Spoiler alert! if there is anyone who wants to save the answer to the question, what does the capital asset pricing model do? to the end of this article, then close your eyes or cover up the next paragraph or just quickly scroll down. Here it is:
The Capital Asset Pricing Model is a model used to determine the theoretical price and expected return of a stock taking into account the additional risk that the stock has above the risk of the rest of the market.
There are assumptions behind the statement above and looking into those assumptions gives a good understanding of what the Capital Asset Pricing Model, CAPM for short really does.
We should note that after the CAPM was introduced in 1961 it has drawn a lot of criticism and there have been refinements to the model. Nevertheless, and notwithstanding Nobel Prizes in Economics for some of those involved and in spite of the criticisms, the CAPM remains popular because of its ease of use and wide applicability.
Systematic risk, market risk, non-diversifiable risk, and idiosyncratic risk
That all sounds very complicated, but actually systematic risk, market risk and non-diversifiable risk are all the same thing or rather refer to the same component of the risk of a stock.
Let’s remember that risk is just a measure of the variability of the actual return we will receive from an investment with respect to the expected return from that investment.

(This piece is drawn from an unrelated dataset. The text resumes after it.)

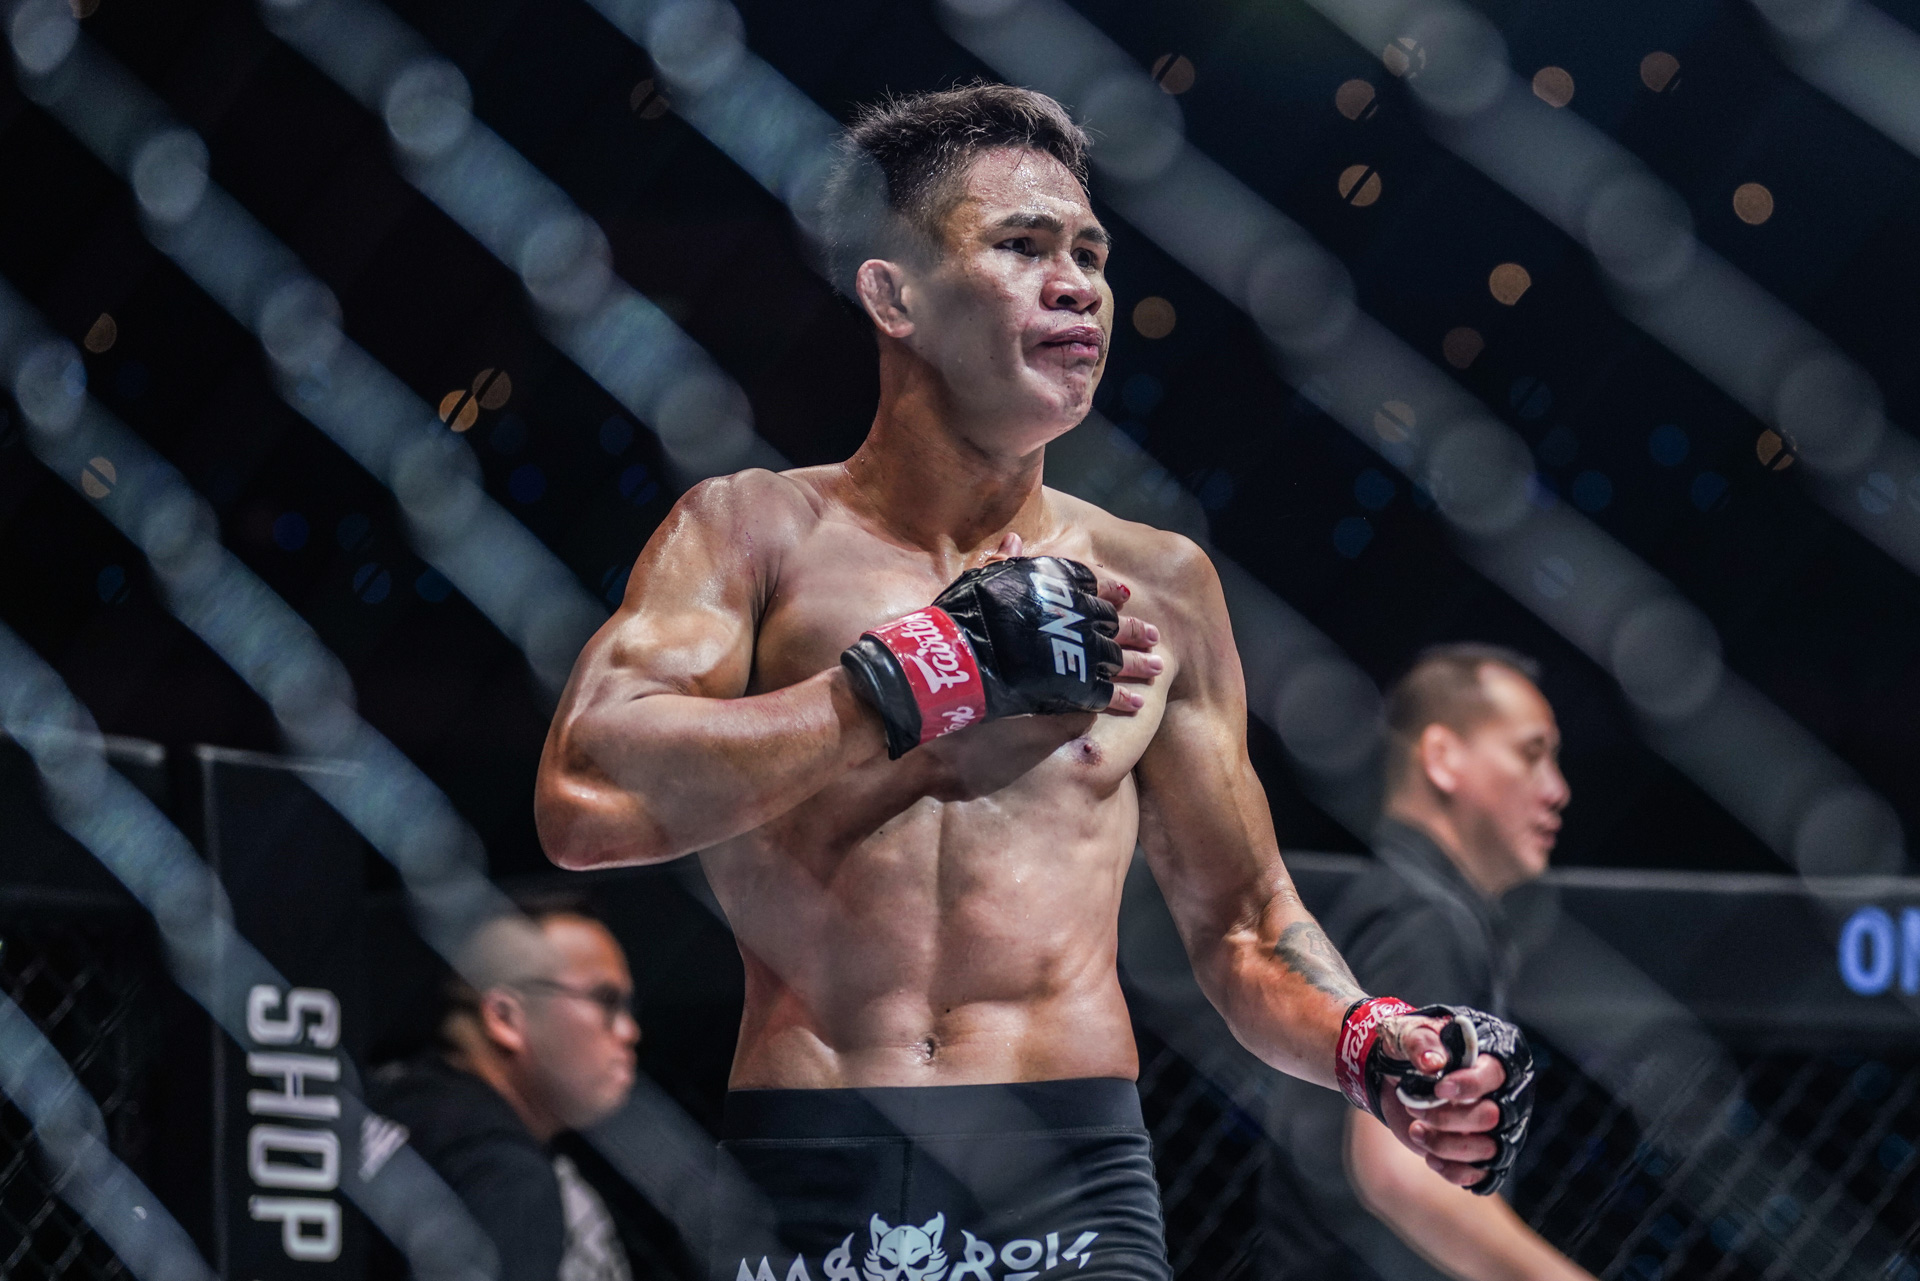 ONE-Fight-Night-3-Jeremy-Miado-def-Danial-Williams Lito Adiwang wants to settle unfinished business with Jeremy Miado Mixed Martial Arts News ONE Championship  - philippine sports news

A high-risk investment has a high variability of return and a low-risk investment has a low variability of return.
The other risk component of a stock is the idiosyncratic risk of the stock. Unsurprisingly, the idiosyncratic risk is that part of risk specific to a stock that is not part of the market risk. Very simply this is what it would look like.
The systematic risk is risk that the whole market is subject to. So this would include risks of all the vagaries and things that go either right or wrong in the economy or with the weather or international trade for example. It is also non-diversifiable because it is part of the risk that you can’t get rid of by diversifying into other investments.
One of the variables that figure into the CAPM calculation is Beta. The Beta of a stock is the measure of how the stock price moves in relation to market price movements. This is easiest to see with a few examples.
- If the market rises or falls 1% and the stock price rises or falls 1% i.e. the stock price moves in step with the market then Beta of the stock is 1
- If the market rises or falls 1% and the stock price rises or falls 0.5% i.e. the stock price moves in the same direction as the market but by half as much, then the Beta of the stock is 0.5
- If the market rises or falls 1% and the stock price falls or rises 0.5% i.e. the stock price moves in the opposite direction as the market and by half as much, then the Beta of the stock is minus 0.5
- if the stock price movements have no correlation with market price movements, then the Beta of the stock is zero.
Many investors who have used Beta will know that it only works for small percentage movements in both market and stock prices. Once a price movement goes beyond a few percentage points, Beta no longer works, or rather even though a correlation of price movements may still be present it would not be expressed by a single static number.
Other variables and assumptions used by CAPM
The rate of return of a theoretical risk-free asset. The closest that comes to the return of a risk-free asset would be the return on a bond that pays back the principal and interest with absolute certainty even if the world went to hell in a handbasket. For practical purposes, a 10-year Treasury bond comes closest and can be used as a substitute.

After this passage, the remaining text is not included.